Anyway, I was vague in my last message, partly out of laziness and partly because I'm working on writing a piece right now and I've sort of bored myself talking about it, ha. I apologize.

But to clarify: I was referring to a very specific difference in melody versions, in pitch (ignoring the meter issue). It's the difference in the two notes on the words "hear you" (as in "Shenandoah, I long to hear you"). According to my research, all documents of the tune (published, manuscript, field recordings) before 1920 are consistent in having a certain two notes at that point. Then, in 1920 (but more prominently in a 1921 publication), the chanty collector/editor comes out with a melody where those two notes are different. (I'm calling the former Version A and the latter version B.) Since Terry's published score was a rare case of an accessible, full text with full piano (and violin!) accompaniment, suitable for concert performances, concert singers in the 1920s and beyond took it as their guide. With time, this Version B became the presumed standard way to sing "Shenandoah" (even while continued fieldwork turned up sailors who remembered the ~original~ Version A).

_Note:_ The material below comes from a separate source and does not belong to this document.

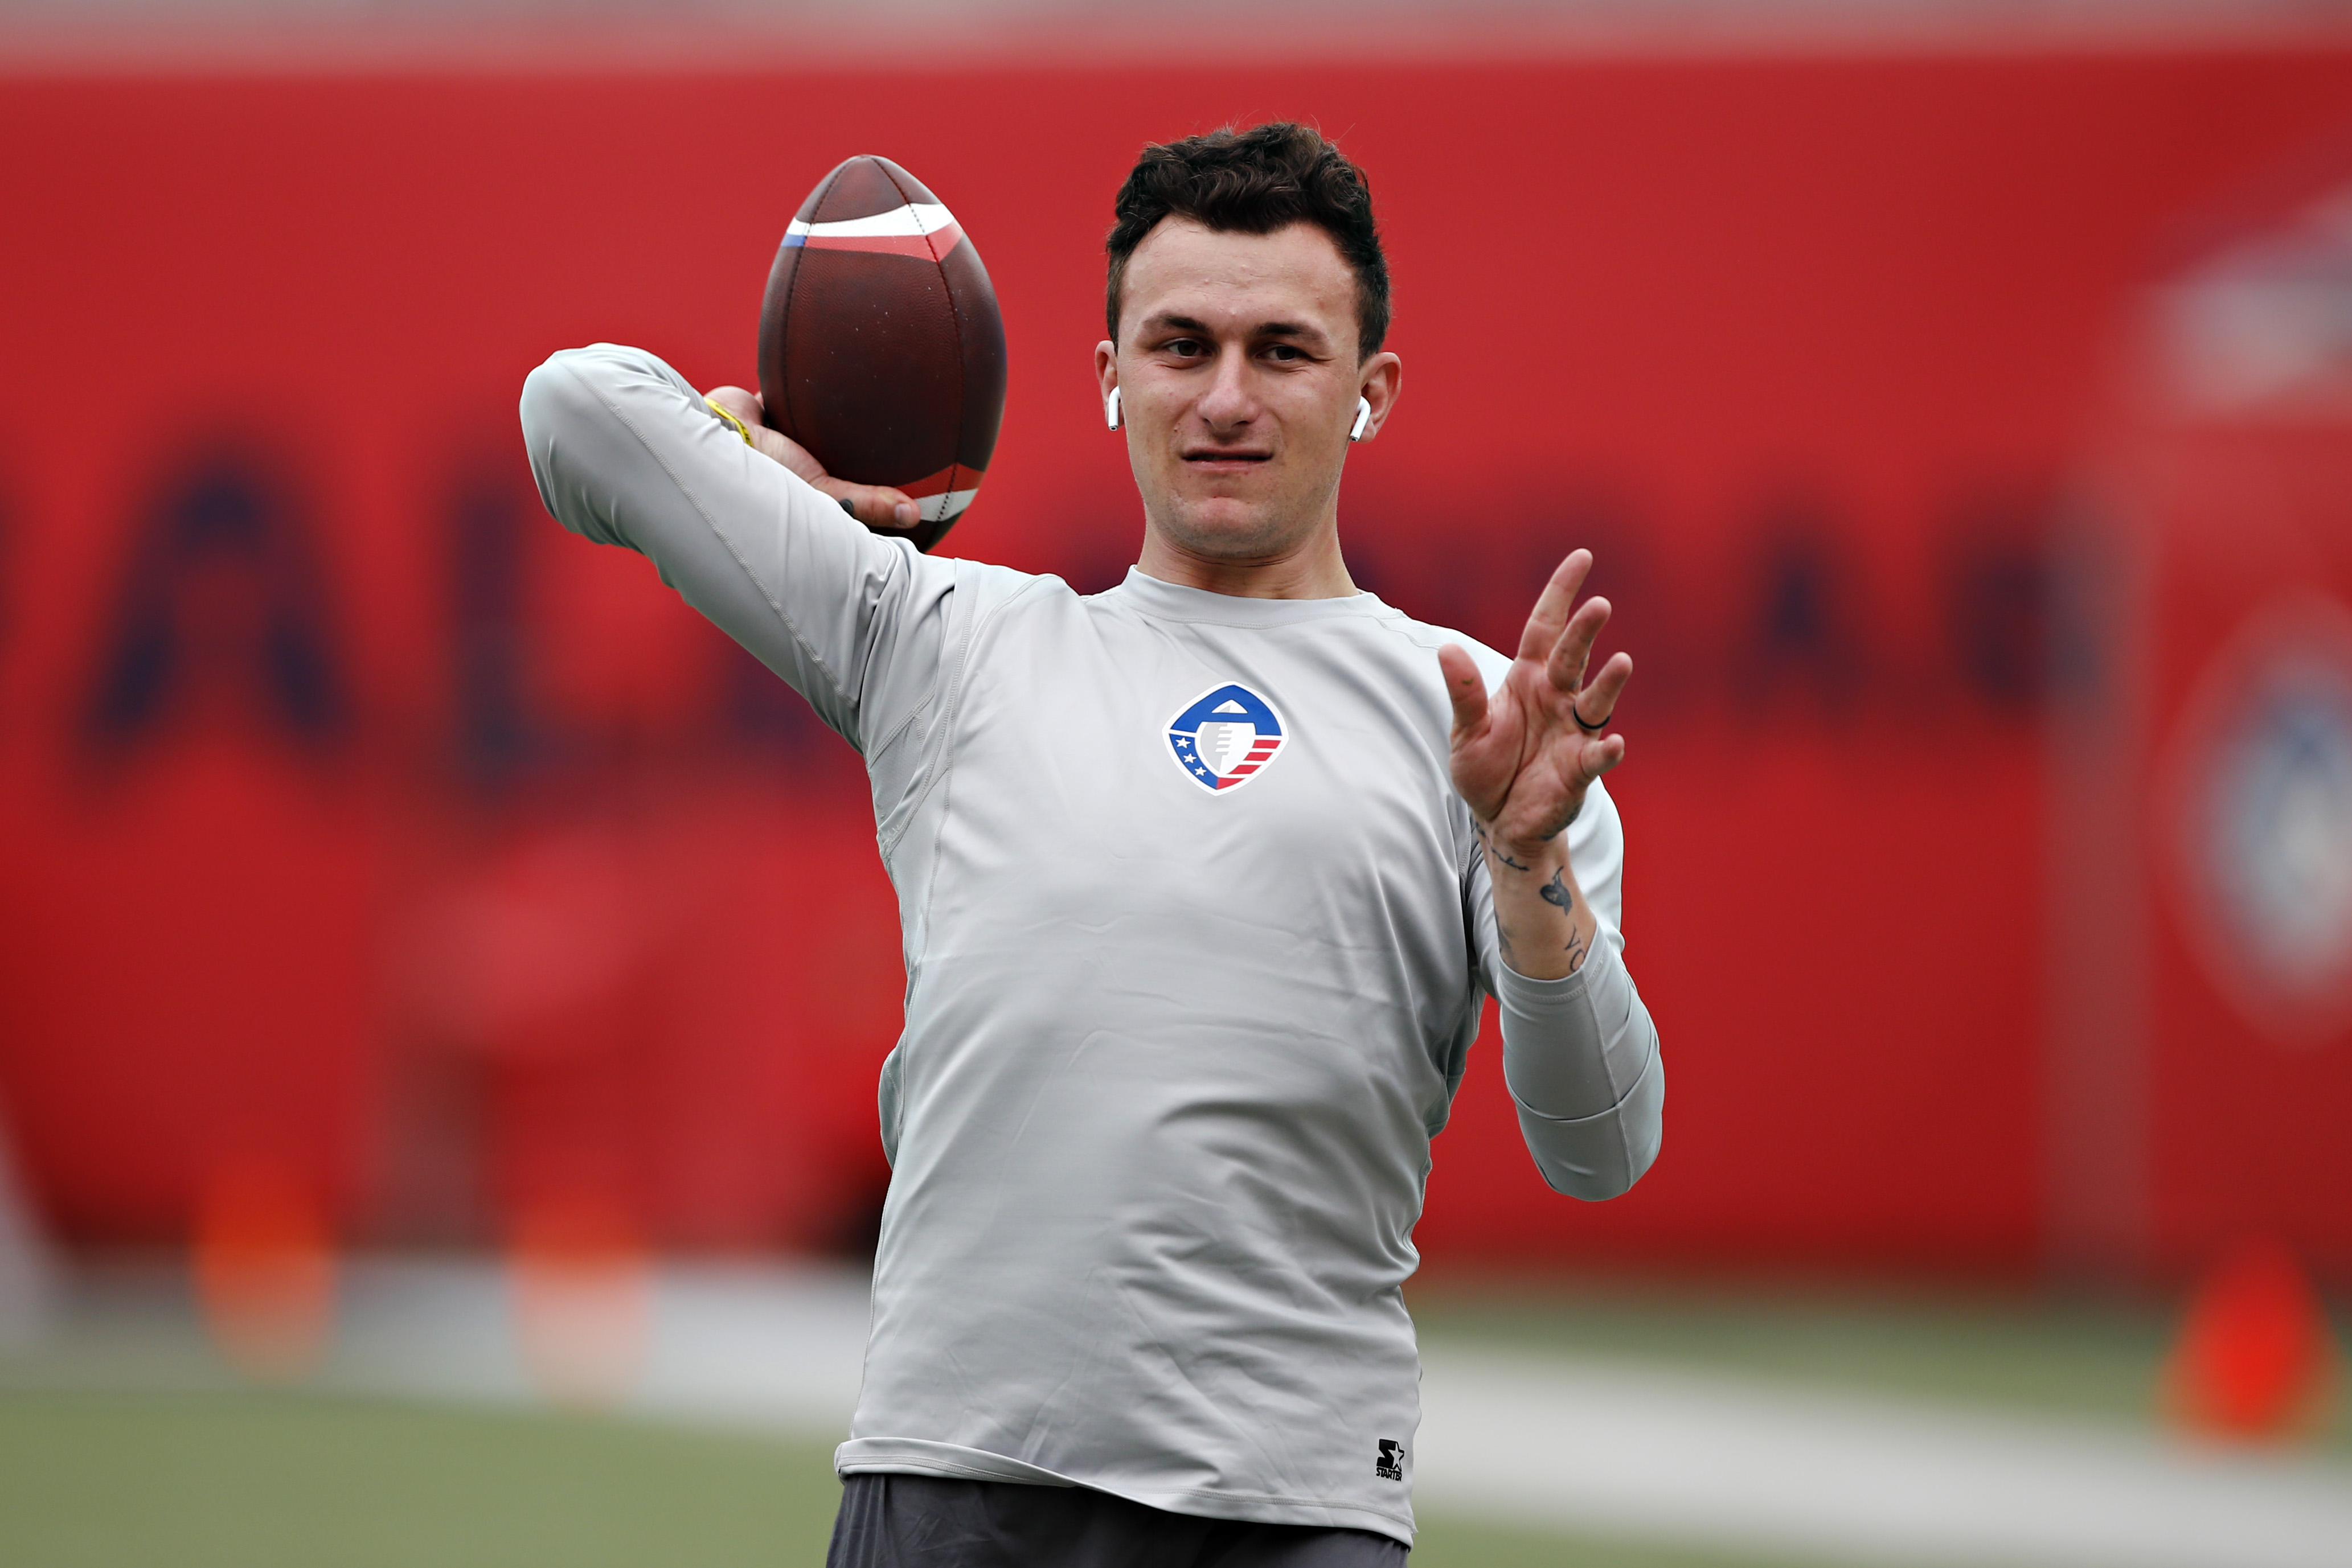 Johnny Manziel Self Roasted His Disastrous Nfl Career In A Tweet About His Short Time In The

So what I was getting at is that the Lomax collection, 1934, has the Version B notes. Either this was some mistep by Lomax, under the influence of thinking Version B was more correct (i.e. in the wake of the Terry phenomenon) OR it reflects the fact that Version B actual was around (as remembered by Spalding) before the Terry phenomenon. The latter, was certainly possible, is something I find rather incredible. There's just so much evidence (relatively speaking!) that Version A was the thing. So while it's out of order to accuse either Lomax or Spalding of playing hanky panky with the melody, to me that checks out as more likely.

I'm biased, but that being the case it inclines me to look even more suspiciously upon the "Tommy Tompkins" thing. In other words, I figure that if Spalding's text (or Lomax's mediation of it) was less than totally original, then the melody could be, too.

As to meter -- and this is an aside to my other discussion about meter -- seeing it in 4/4, as it appears in Lomax is rare (and thus also divergent from the bulk of evidence). Lomax simply putting it in 4/4 as a result of struggling with the meter would be par for the course with other collectors and thus pretty unremarkable. Yet if Spalding definitely gave a tune in 4/4, because that goes against what I believe to be the fact that the sailors' chanty was not in 4/4, it would be another way the hypothetical "cavalry version" is distinctive.

In sum, the preponderance of evidence, at least how I interpret it, is saying that the historical sailors' chanty was neither in 4/4 meter nor did it have the "Version B" melody figure. This makes the Lomax/Spalding example really problematic. Either these are errors/contrivances that make Lomax/Spalding unreliable, or, if we presume it to be reliable, it's an irksome exception that muddles the whole picture.